# WHAT YOU NEED TO DO
Each line below needs to be returned exactly. Skip any picture.

# INFORMATION PROVIDED
========

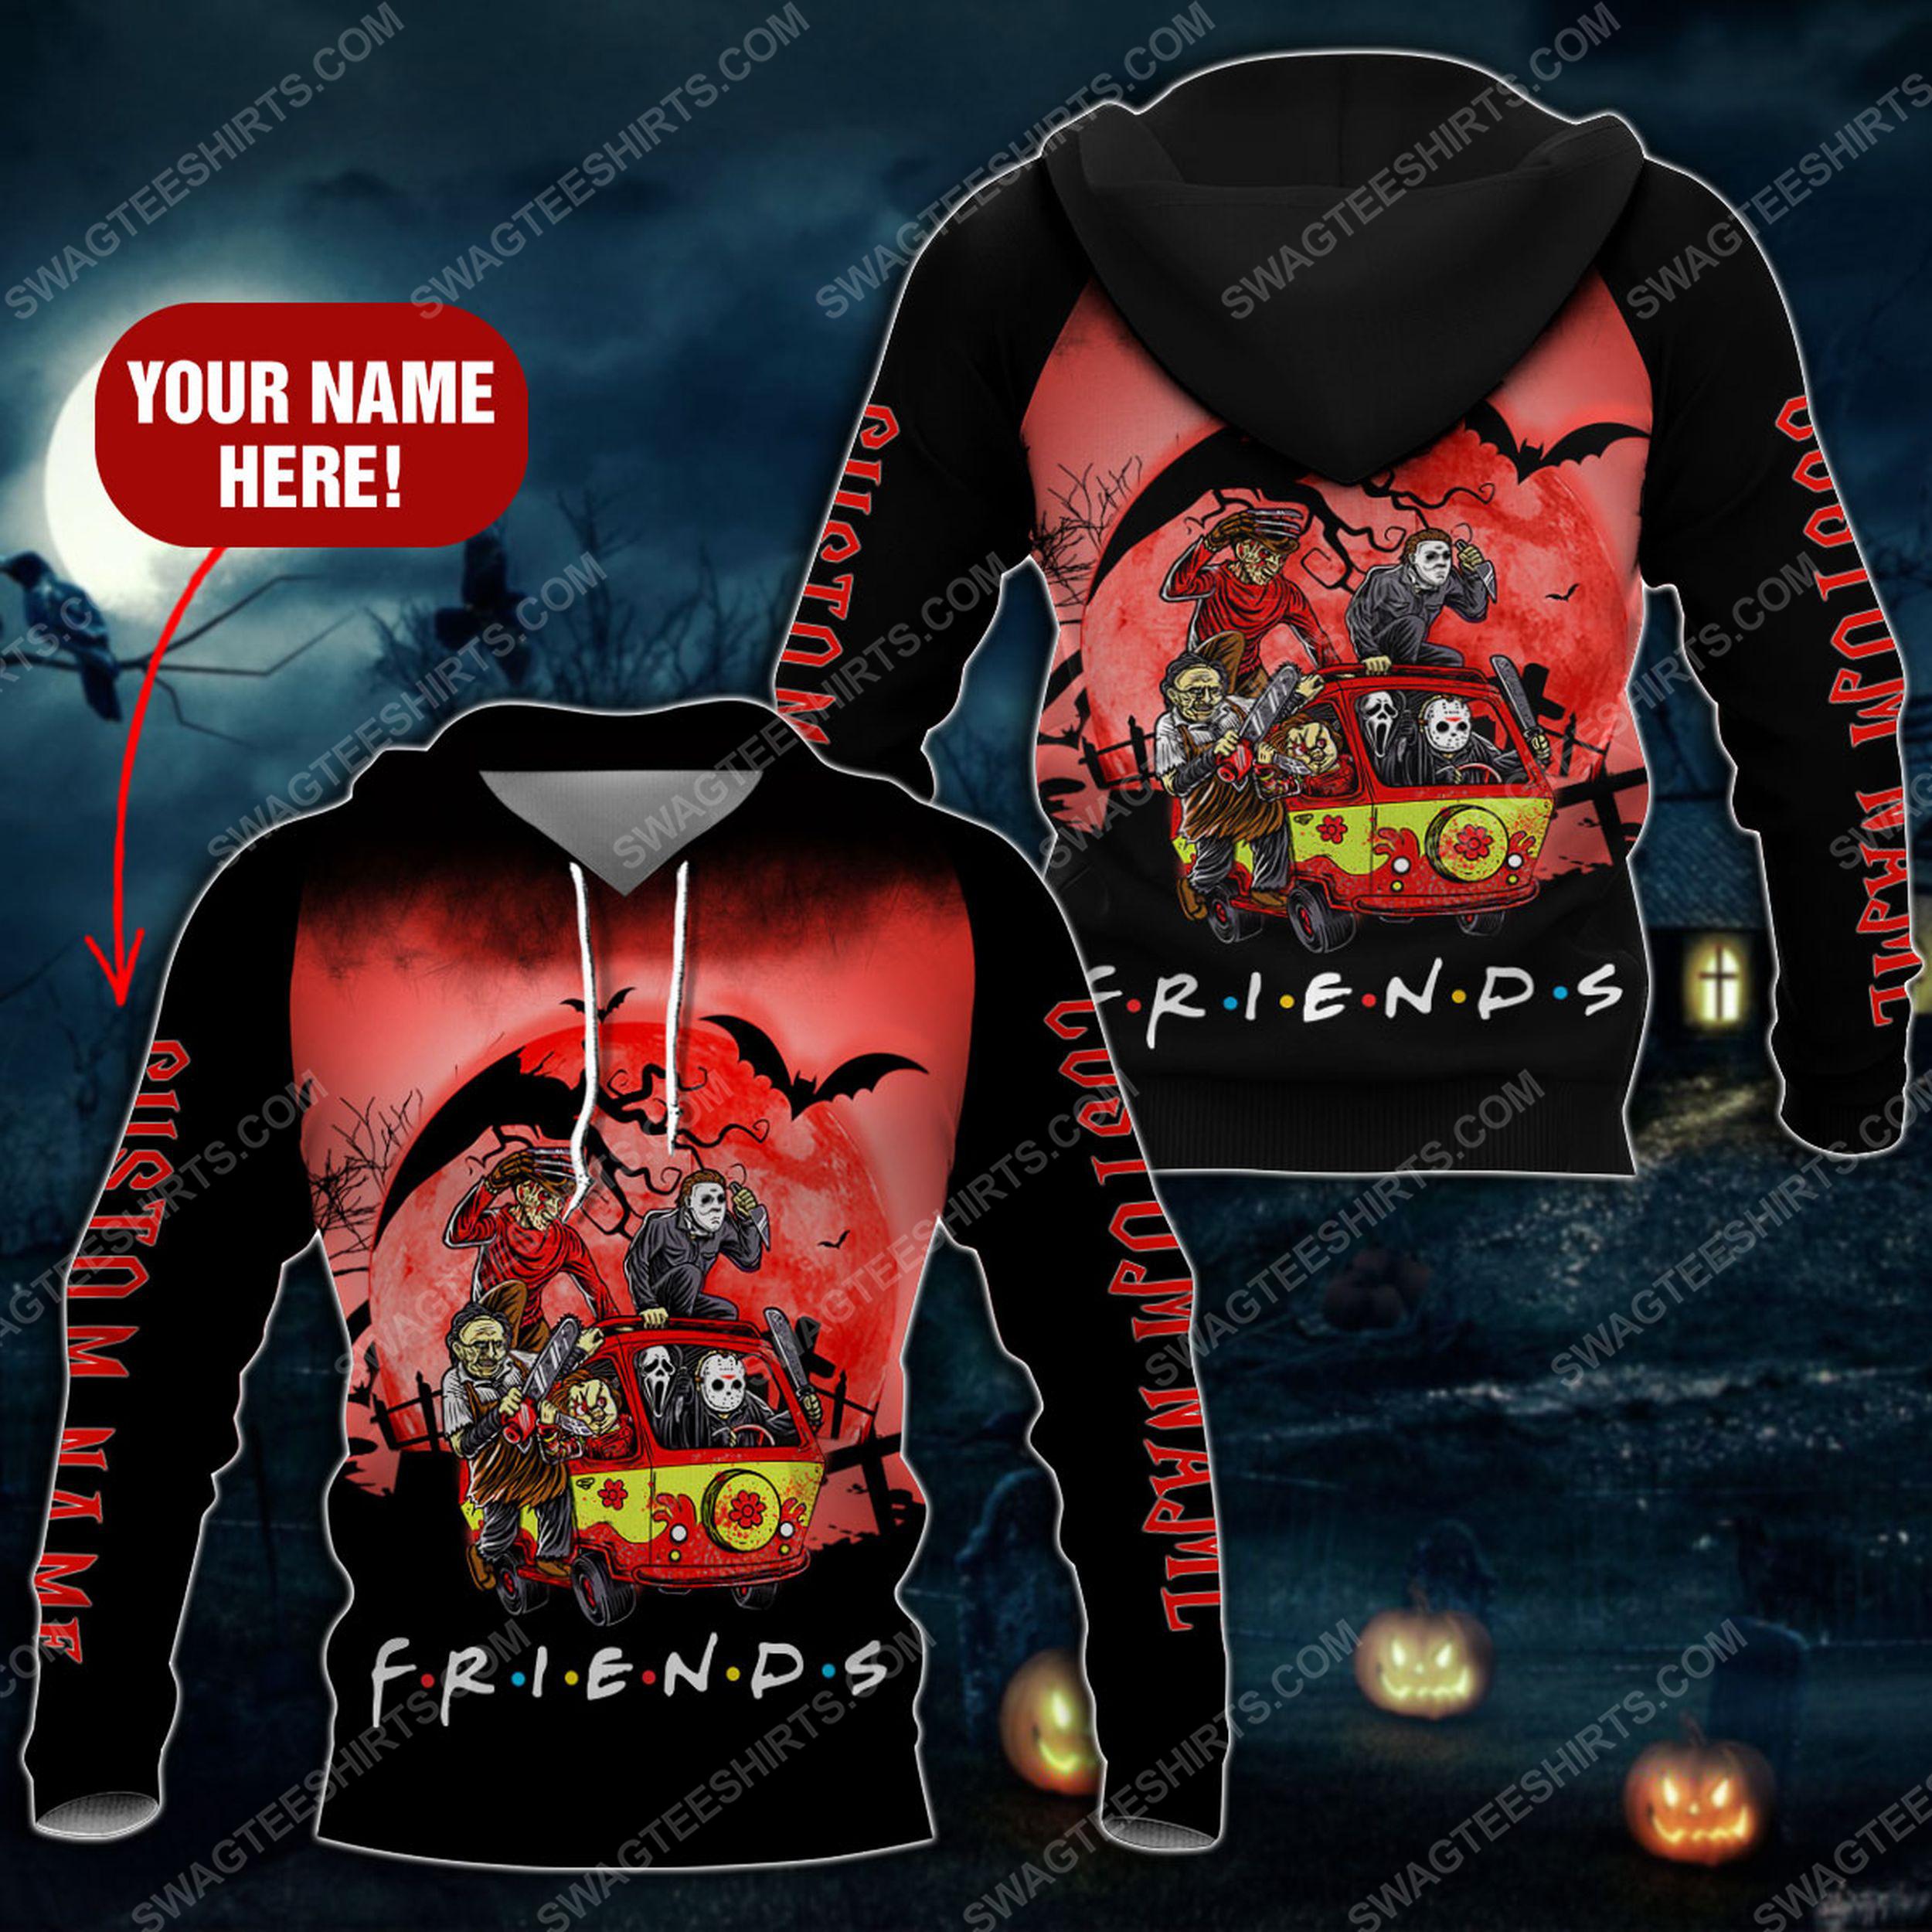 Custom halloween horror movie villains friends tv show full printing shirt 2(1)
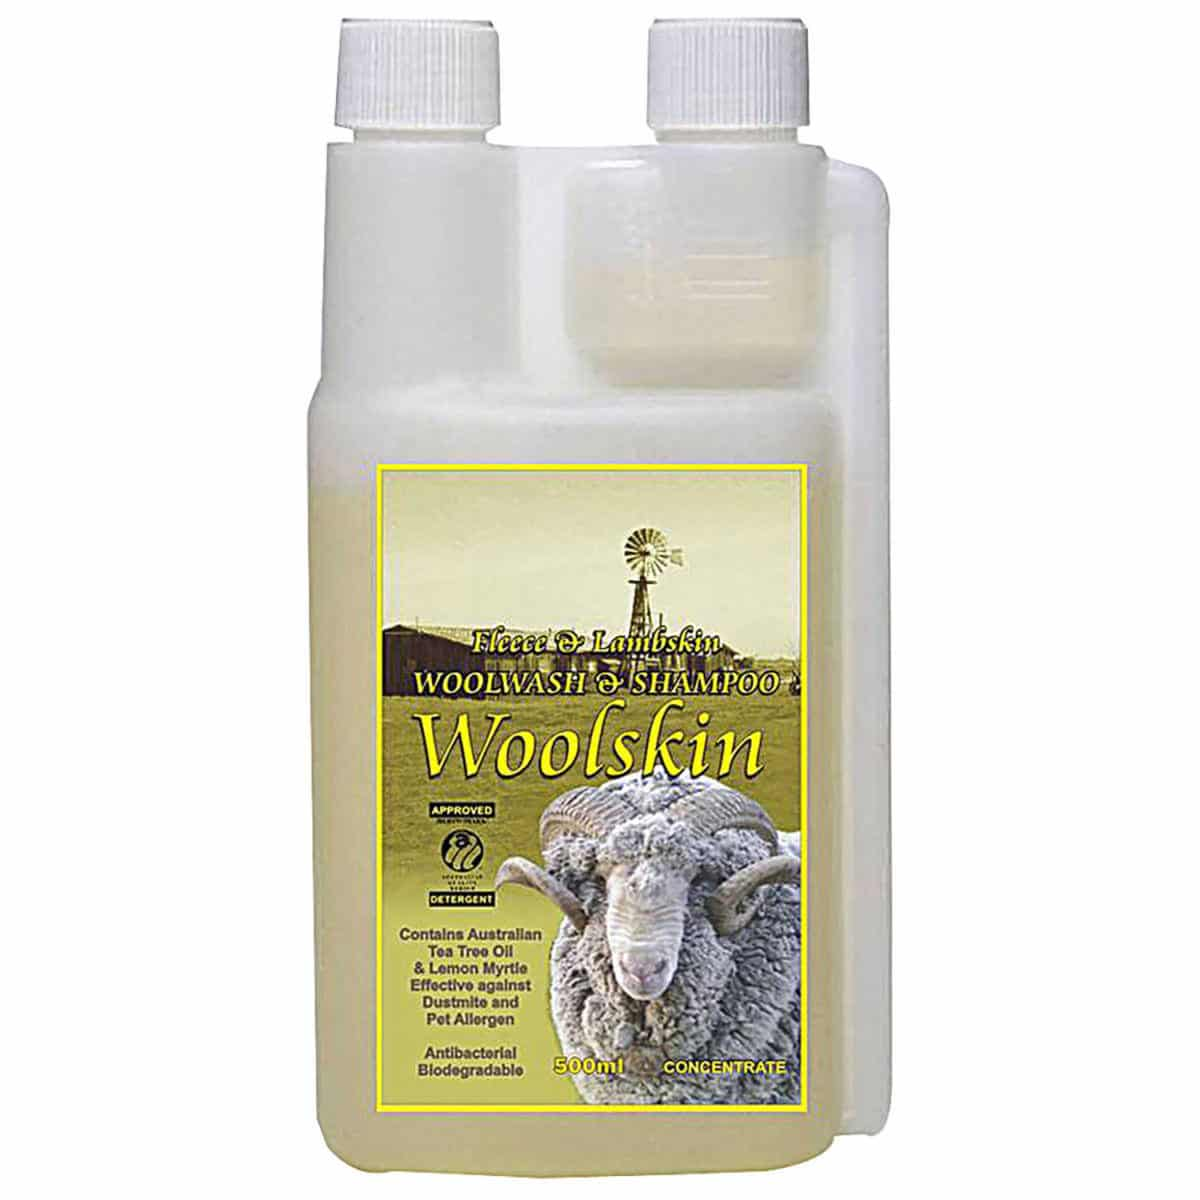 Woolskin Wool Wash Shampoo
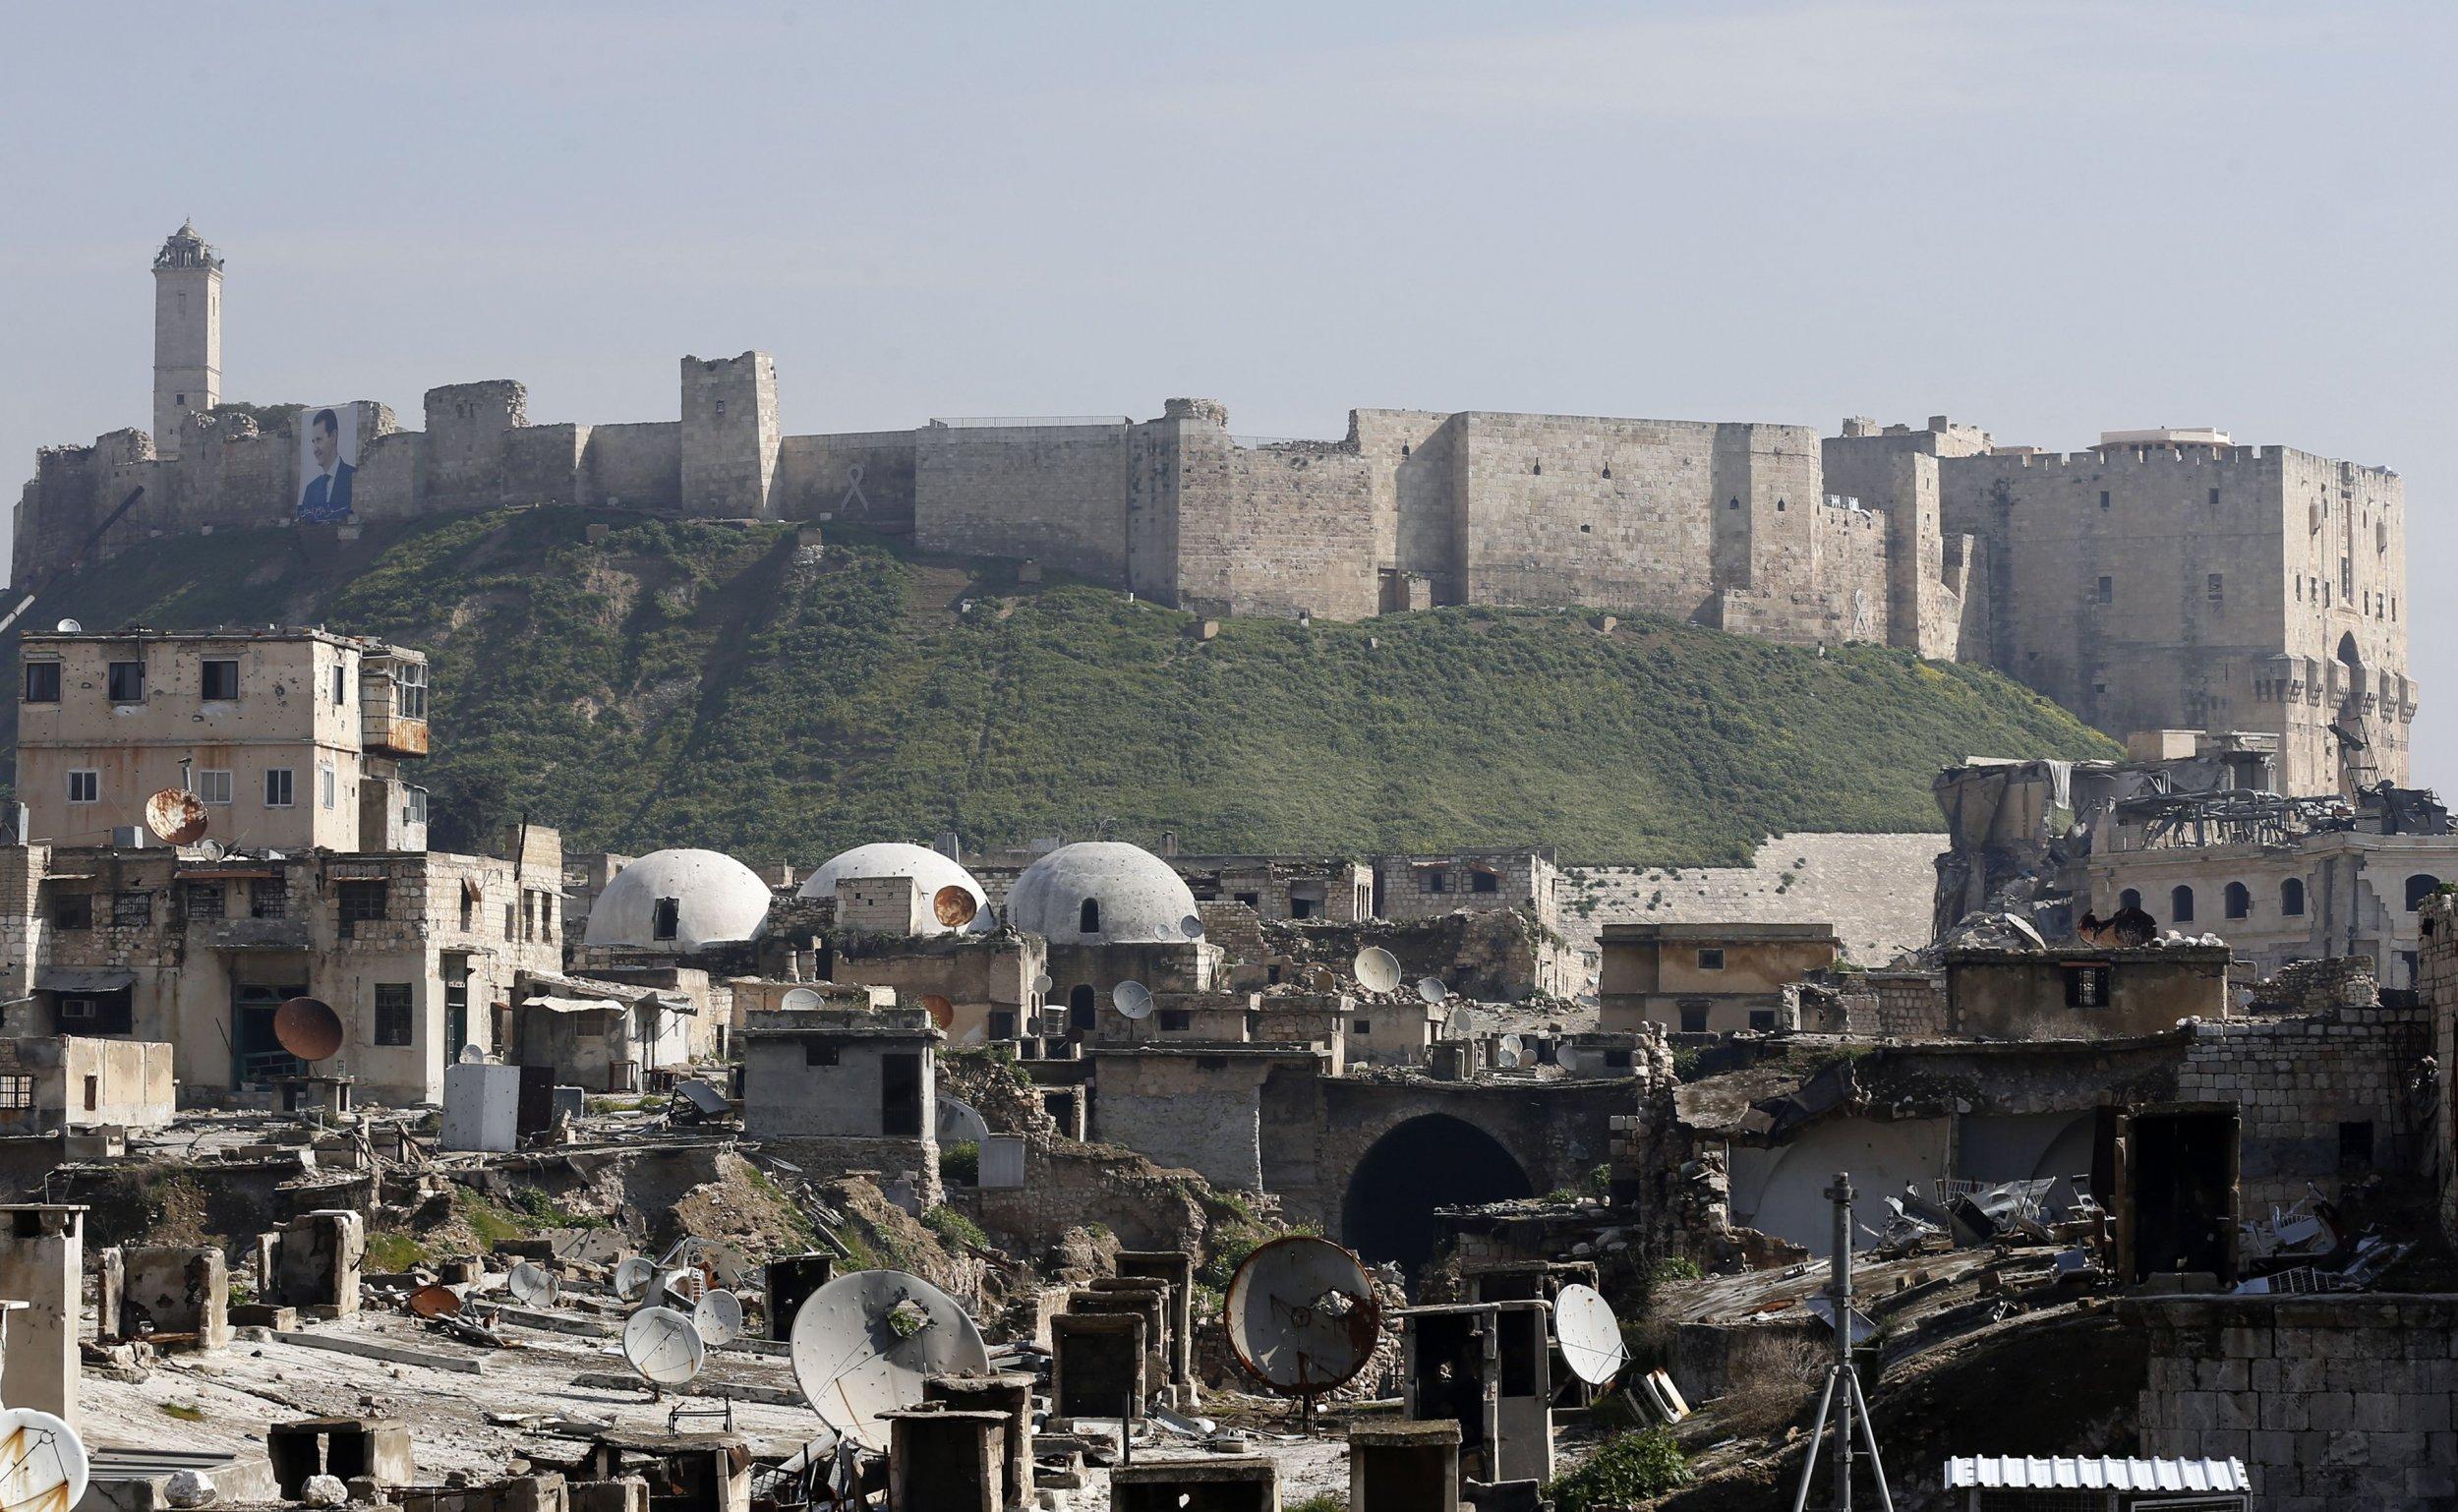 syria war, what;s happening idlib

========

# OUTPUT OF THE EXERCISE
 Custom halloween horror movie villains friends tv show full printing shirt 2(1)
 Woolskin Wool Wash Shampoo
 syria war, what;s happening idlib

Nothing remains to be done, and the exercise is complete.